The Presidency, as the house was called, was once a modest private home. The house has been refurbished to look like it did during the time the president and his family lived here, based on a study of the available evidence of the original furnishings. The house has since served other functions such as the headquarters of the South African Constabulary, a private hotel, and property of the Union government of South Africa. The Kruger museum was finally opened in 1934 and declared a National monument in 1937.

ZAR Hall

The collection on display in the West Hall includes exhibitons of value, addresses, pictures, poems, medals, musical compositions, sketches, letters, albums, books, and newspapers. The exhibits came from countries as far as the Netherlands, Germany, Belgium, France, Ireland, the USA, Israel, Switzerland, Austria, Italy, Russia, and Spain.
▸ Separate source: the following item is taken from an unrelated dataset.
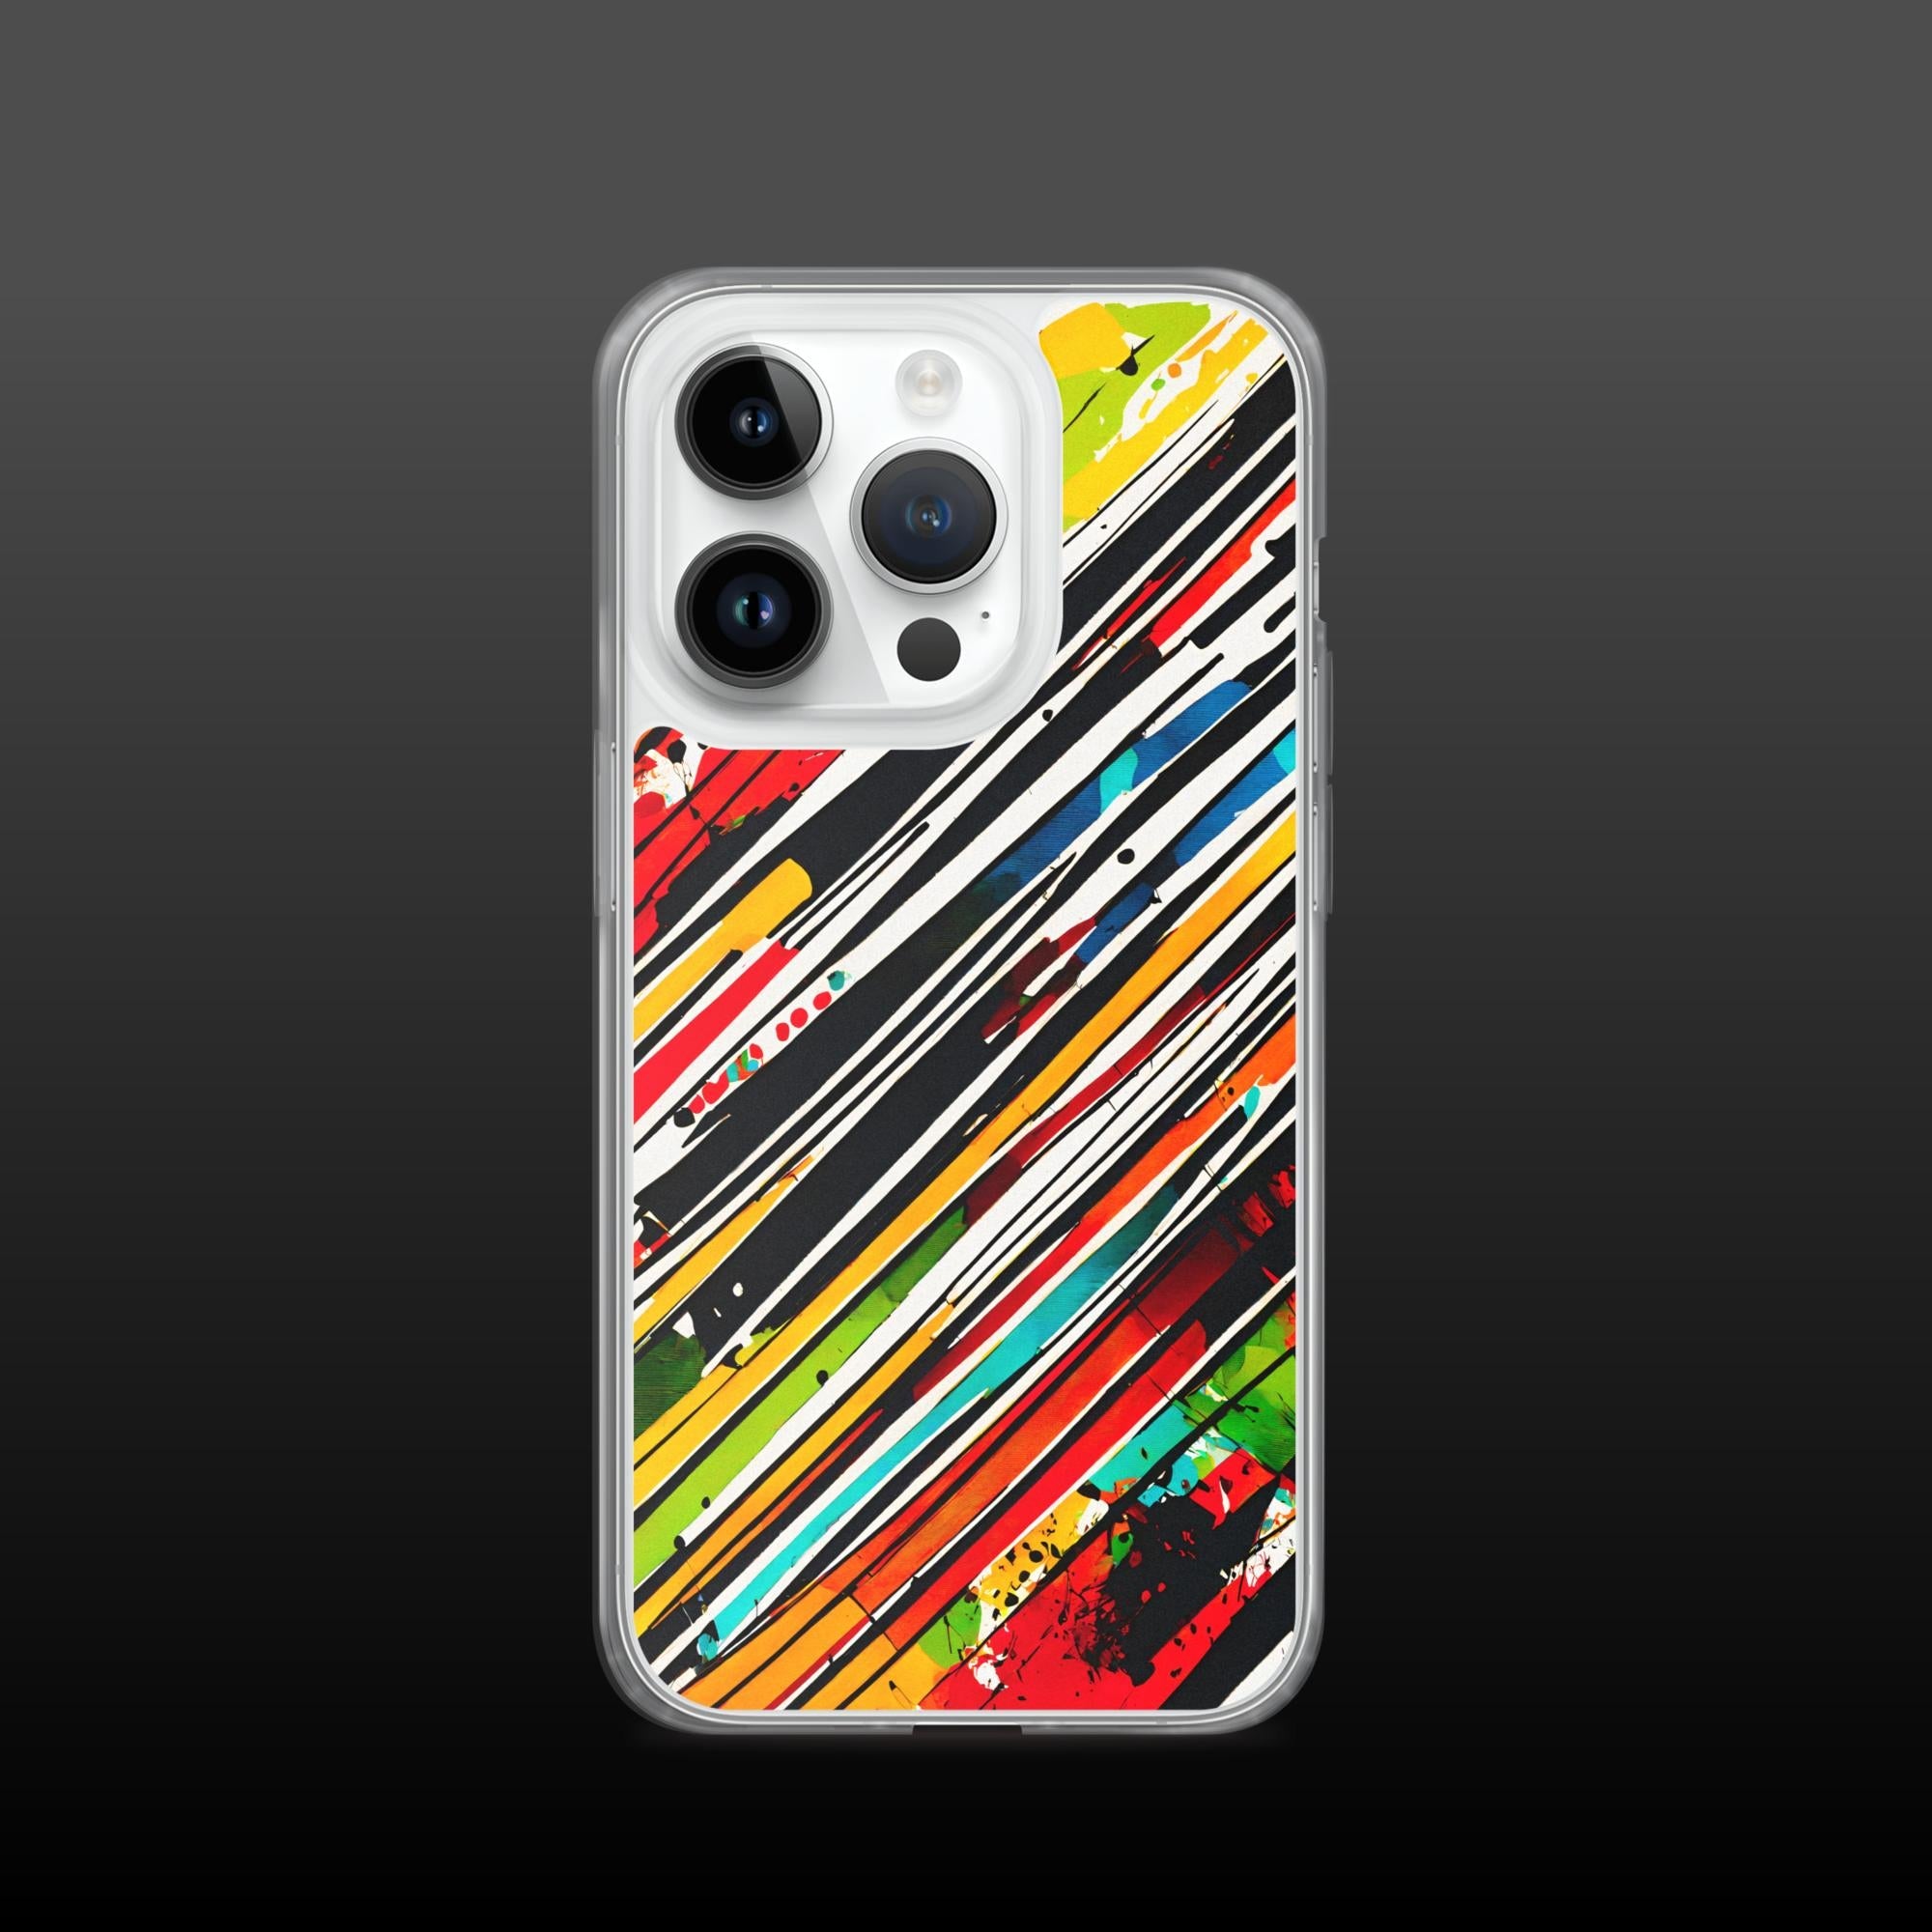 "Look closer" clear iphone case - Clear iphone case - Ever colorful

In total, the National Cultural History Museum houses over 1,000 examples of this kind of Krugeriana.

The Exile Hall

The exhibits in this hall cover President Kruger’s journey to Europe, his hero’s welcome in France and the Netherlands, his exile in Europe, his death in Switzerland and the State funeral in Pretoria.

President Kruger’s State Railway Coach

President Kruger used his coach between 1894 - 1900 on official visits and campaigns to areas of the ZAR, as well as on trips to Natal and Bloemfontein during the Boer War. He also lived for a short time in the coach while at Machadodorp. The last time President Kruger travelled in the railway coach was when he travelled to Lourenco Marques, to go from there in exile to Europe. Thereafter the coach was used to convey senior government officials in South Africa and Namibia.

The Kruger and the directors’ coaches were taken out of service by the South African Railways in 1934, due to deterioration. The interiors of both coaches were restored in 1951. In 1952 the Kruger coach was brought to its present site at the Kruger museum. The directors’ coach, with a NZASM locomotive, has been located on the main platform of Pretoria Station since 1965.